Gold and silver: buy today!

The market is betting on precious metals

XAU/USD

Key zone: 3,850.00 - 4,000.00

Buy: 4,100.00 (on a confident break above 4,000); target 4,350-4,500; StopLoss 4,000.00

Sell: 3,800.00 (on a pullback after retesting 3,950); target 3,650-3,500; StopLoss 3,900.00

Historically, in late June and early July, gold and silver have often formed local bottoms before entering a strong rally during the second half of the year. In other words, buying gold and silver at the end of June or the beginning of July and holding positions until year-end has historically generated consistent profits.

One of the most reliable historical scenarios suggests that gold and silver establish significant lows in June before transitioning into a steady uptrend lasting through Christmas or, at the very least, until Thanksgiving. Similar price action has been observed repeatedly over previous years.

  • This pattern is especially pronounced in silver. Historically, the metal has frequently reached a local bottom at the end of June before entering an active rally, finishing the autumn at new annual highs in late November or early December.
  • Gold generally follows a similar pattern, although its price behavior differs somewhat. During July, gold often consolidates within a sideways trading range, whereas silver typically demonstrates a much stronger upward move over the same period.

Last year this pattern also played out. Gold rose from approximately $3,300 per ounce in June to around $4,300 per ounce by the end of the year. Silver performed even better, nearly doubling in value—from $35 to approximately $70 per ounce.

A similar trend can also be observed in the copper market. Although copper is classified as an industrial metal, it competes with silver across many applications. As silver becomes more expensive, manufacturers increasingly seek to replace it with the more affordable copper wherever technology allows.

The fundamental supply-and-demand picture also remains supportive. According to current estimates, global copper demand could exceed today's level by nearly 50% by 2040, surpassing 40 million metric tons annually. This makes copper another potentially attractive asset for investors who have focused exclusively on precious metals.

However, seasonal factors are far from being the only argument in favor of gold and silver.

  • Central banks continue increasing their investments in precious metals.

    Monetary authorities around the world continue to maintain strong demand for gold and silver, steadily expanding their reserves. Clearly, these purchases are not being made in anticipation of a long-term decline in prices.

    Gold has already surpassed U.S. Treasury securities in terms of attractiveness as a reserve asset. At the same time, many countries continue repatriating their gold reserves from overseas vaults located in London, New York, and other financial centers.

  • Pressure on the precious metals market is gradually easing.

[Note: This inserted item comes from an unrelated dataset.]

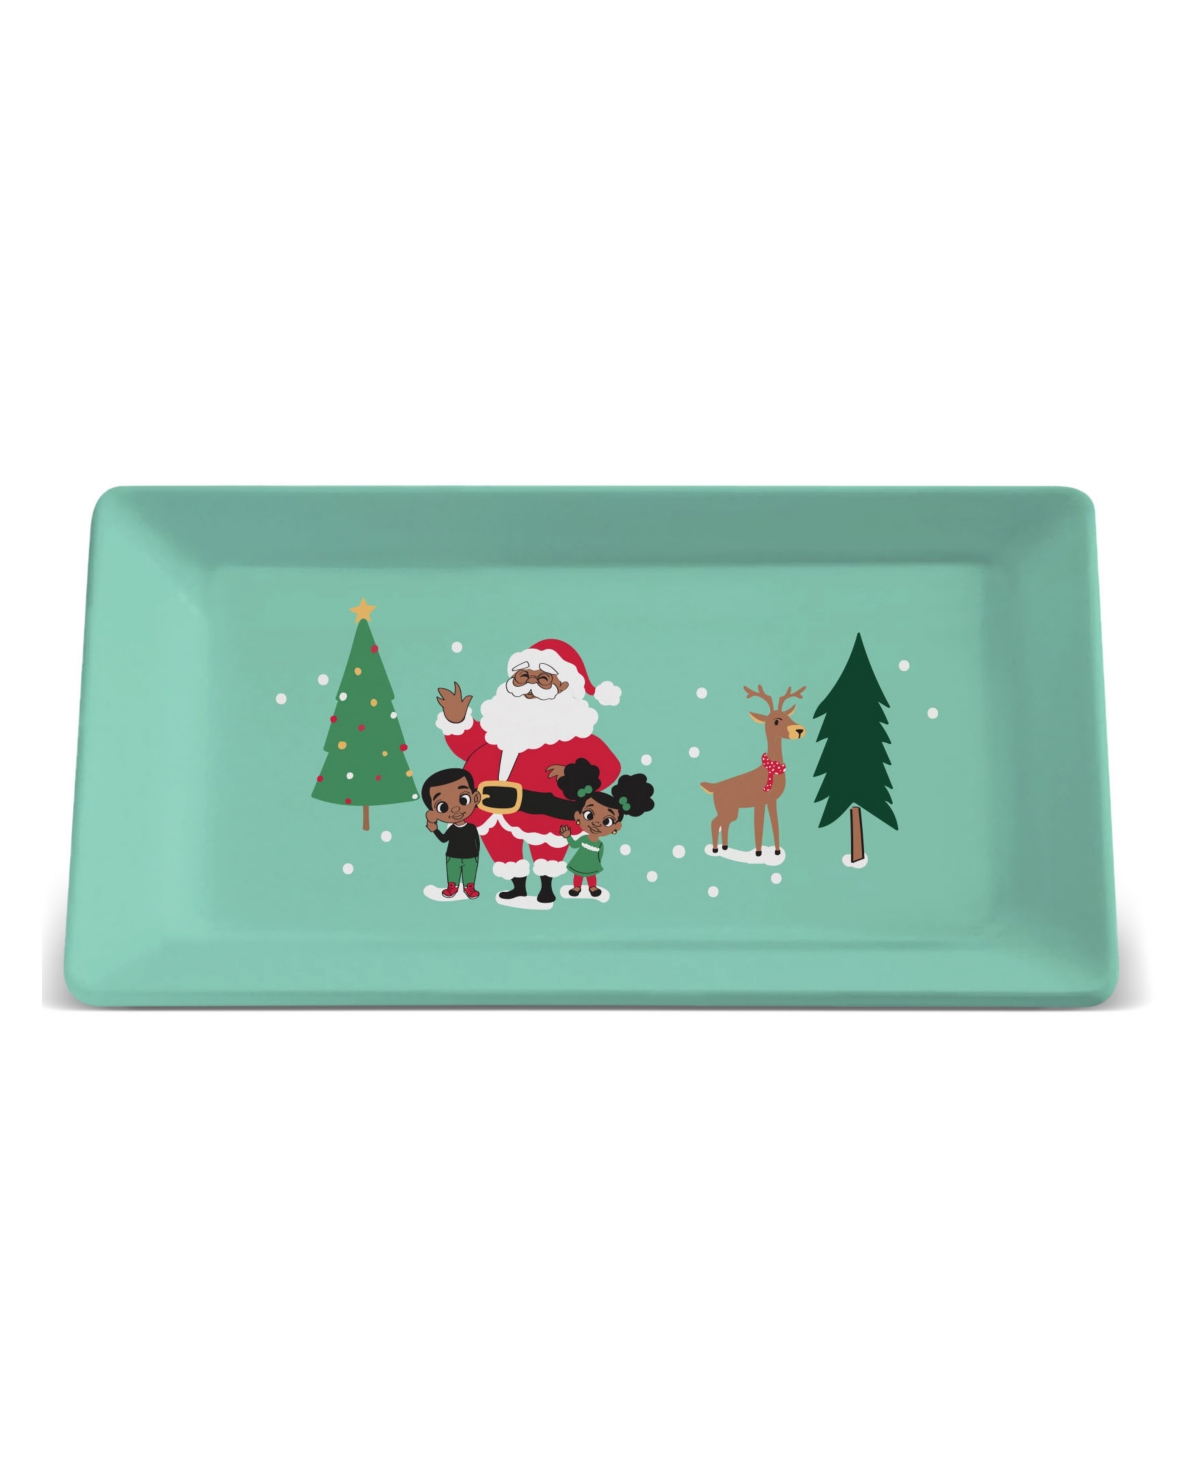 Black Paper Party Holiday Klaus Family Winter Scene Loaf Pan - Green

    For many years, the world's largest bullion banks restrained the rise in gold and silver prices by maintaining massive short positions on the futures exchanges in London and New York. Today, the center of market influence is gradually shifting toward Asian trading hubs, particularly Shanghai and Hong Kong.

    One of the clearest examples was JPMorgan's decision in 2025 to close a silver short position exceeding three million ounces. Several years earlier, the bank had already paid a substantial fine after being accused of market manipulation.

  • The structural silver deficit remains in place.

    The balance between supply and demand continues to favor further price appreciation. In addition to its traditional applications in solar energy, electric vehicle manufacturing, medical equipment, mobile electronics, and industry, additional demand is now being generated by artificial intelligence, robotics, and defense technologies.

    As a result, total global demand exceeds 2 billion ounces of silver per year, while annual mine production amounts to only about 800 million ounces. Consequently, current mining output covers only about 40% of total consumption.

What does this mean in practice?

Long-term forecasts for the precious metals market remain highly optimistic. Some projections suggest that gold could reach $18,000 per ounce or higher by 2030, while silver could rise to $1,500 per ounce or more.

Even the most conservative scenarios assume that gold will trade above $5,000 per ounce and silver above $100 per ounce as early as 2027.

Additional attention from market participants is being drawn to statements made by Donald Trump, who previously promised his longtime economic adviser Judy Shelton that, as part of the celebration of America's 250th anniversary, he would consider issuing gold-backed U.S. Treasury bonds and revaluing the nation's official gold reserves.

If even one of these initiatives is implemented, it could become a powerful additional catalyst for higher gold and silver prices.

So we act wisely and avoid unnecessary risks.

Profits to y’all!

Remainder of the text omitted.